Mumbai, Nov 5: Noted lawyer and BJP leader Mahesh Jethmalani has sent a two-line resignation letter to party president Nitin Gadkari saying it would be "morally and incorrectly wrong" for him to serve in the BJP as long as Mr Gadkari is in office.
Mr Jethmalani is the son of leading lawyer and BJP Rajya Sabha MP, Ram Jethmalani, who had recently suggested that Mr Gadkari should step down. The Jethmalanis’ is the first open rebellion in a party that reportedly has many people questioning the sagacity of letting Mr Gadkari continue as the party’s head after being engulfed in corruption charges with savage effect since last month, when NDTV reported on what appear to be a matrix of ghost investors who prop up a company he co-founded in 2000. He retired as its chairman last year, and now holds about 200 shares in the firm.
The letter Mr Jethmalani has written to Mr Gadkari reads, "Dear Nitinji, I deem it morally and intellectually inappropriate to continue to serve on the party’s National Executive Committee as long as you are the President of the BJP. I hereby tender my resignation from the same."
The Oxford-educated lawyer said today that he does not "speak for the BJP or the RSS. This is a personal opinion that I do not want to serve in the national executive in Mr Gadkari’s term," he said, adding that he did not find the BJP president’s defense against graft charges "satisfactory".
His father, who is counted among the most outspoken members of the BJP, had said, "He (Gadkari) should not aspire for a second term because it weakens the party. We are fighting against corruption; we have to have a man of absolute impeccable integrity. In the interest of the party and in his own interest, he should get out of this fray now and make way for someone who inspires greater confidence." The RSS had dismissed the 89-year-old senior Mr Jethmalani’s views as unimportant.
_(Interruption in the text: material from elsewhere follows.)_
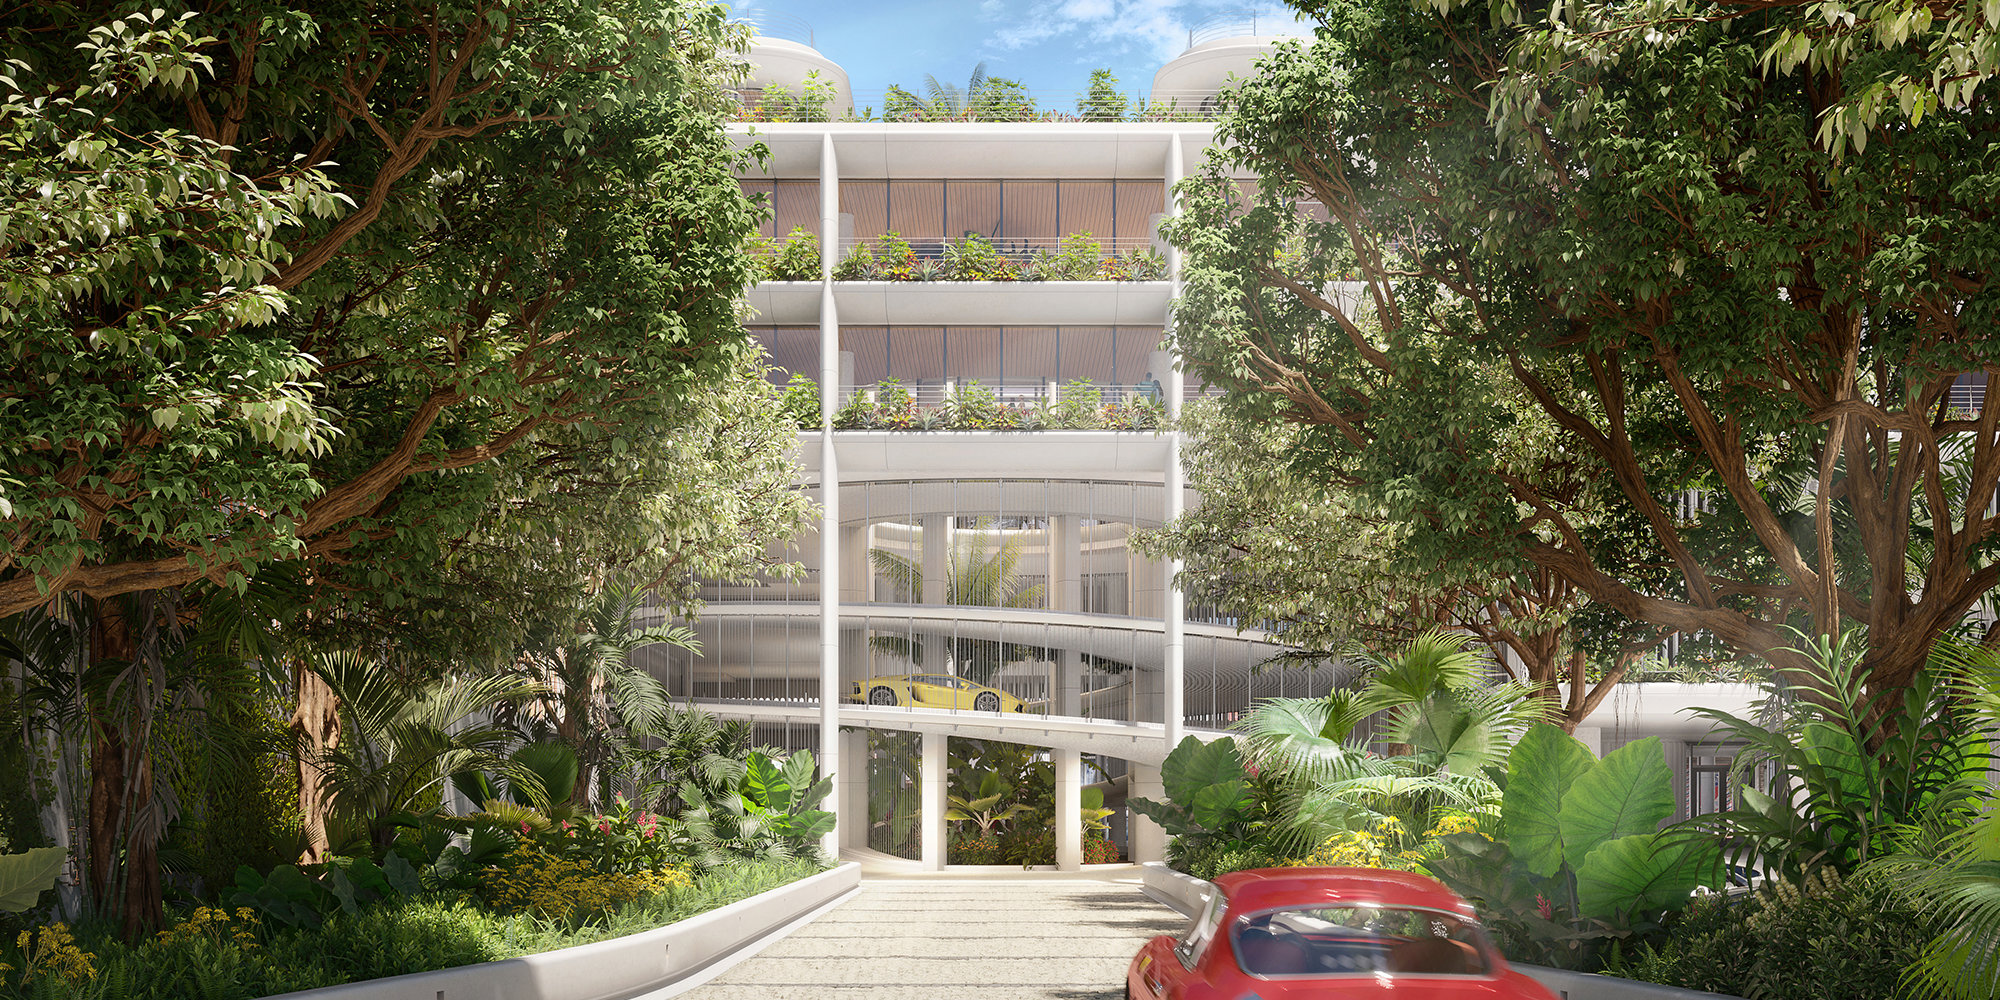 Designs For Mixed-use Building On Miami Beach’s Alton Road Revealed

BJP spokesperson Rajiv Pratap Rudy rebuked Mr Jethmalani today for his letter reaching the media "even before it reached the BJP." But he did not offer comment on Mr Jethmalani’s action, merely pointing out that Mr Gadkari had already explained the charges against him to the party. The senior leader said Mr Jethmalani’s view was that of an individual in a party "with the largest membership base in the world" and the party would look into it.
The BJP has said on record that Mr Gadkari will continue as its president till his term expires in December - it has also repeatedly praised Mr Gadkari for offering to assist all investigation into the corruption charges. But within the party and its ideological mentor, the RSS, there is a growing inquietude over the allegations against its top man. The RSS has asked for an impartial probe, signalling that its support for Mr Gadkari is far from unconditional. In 2009, it picked Mr Gadkari as the BJP president against the wishes of senior party leaders like LK Advani. In September, again under pressure from the RSS, the BJP amended its constitution to prep the ground for an unprecedented second consecutive term for Mr Gadkari. That appears unfathomable now.
BJP sources say Mr Gadkari has also survived so far because of internal politics. The Jethmalanis are believed to belong to a section of the party that wants to see Gujarat Chief Minister Narendra Modi brought into the party’s national scene immediately. But some senior party leaders want to stave off that eventuality as best as they can - backing Mr Gadkari and allowing him to ride the storm for now suits their immediate purpose. After his many electoral successes in Gujarat - and one expected next month - Mr Modi is looked upon by many in the BJP as the man who will lead the party into the 2014 general elections. That has caused disquiet both among Mr Modi’s detractors within the party and in the National Democratic Alliance or NDA that the BJP leads, with allies like the JD(U) vociferously against Mr Modi being billed as a future Prime Minister.
The Congress-led UPA government, with uncharacteristic alacrity, has announced that the charges against Mr Gadkari and the firms that bought into Purthi Power and Sugar Limited are being investigated by income tax officials and the Corporate Affairs Ministry. Sources say that early inquiries confirm that the investor firms have bogus directors and addresses.
But the charges being configured against Mr Gadkari and the lengthy inquiry that is likely to follow are impaling the BJP’s campaign ahead of important elections as a healthy option to the Congress, which it has accused of insuperable graft.
At a rally in Delhi yesterday, Congress President Sonia Gandhi without naming Mr Gadkari took direct aim at him. "Those who dig trenches to bury others often find a well waiting for them," she said, making it clear that the BJP president has lost the moral authority to question her party’s credentials on clean governance.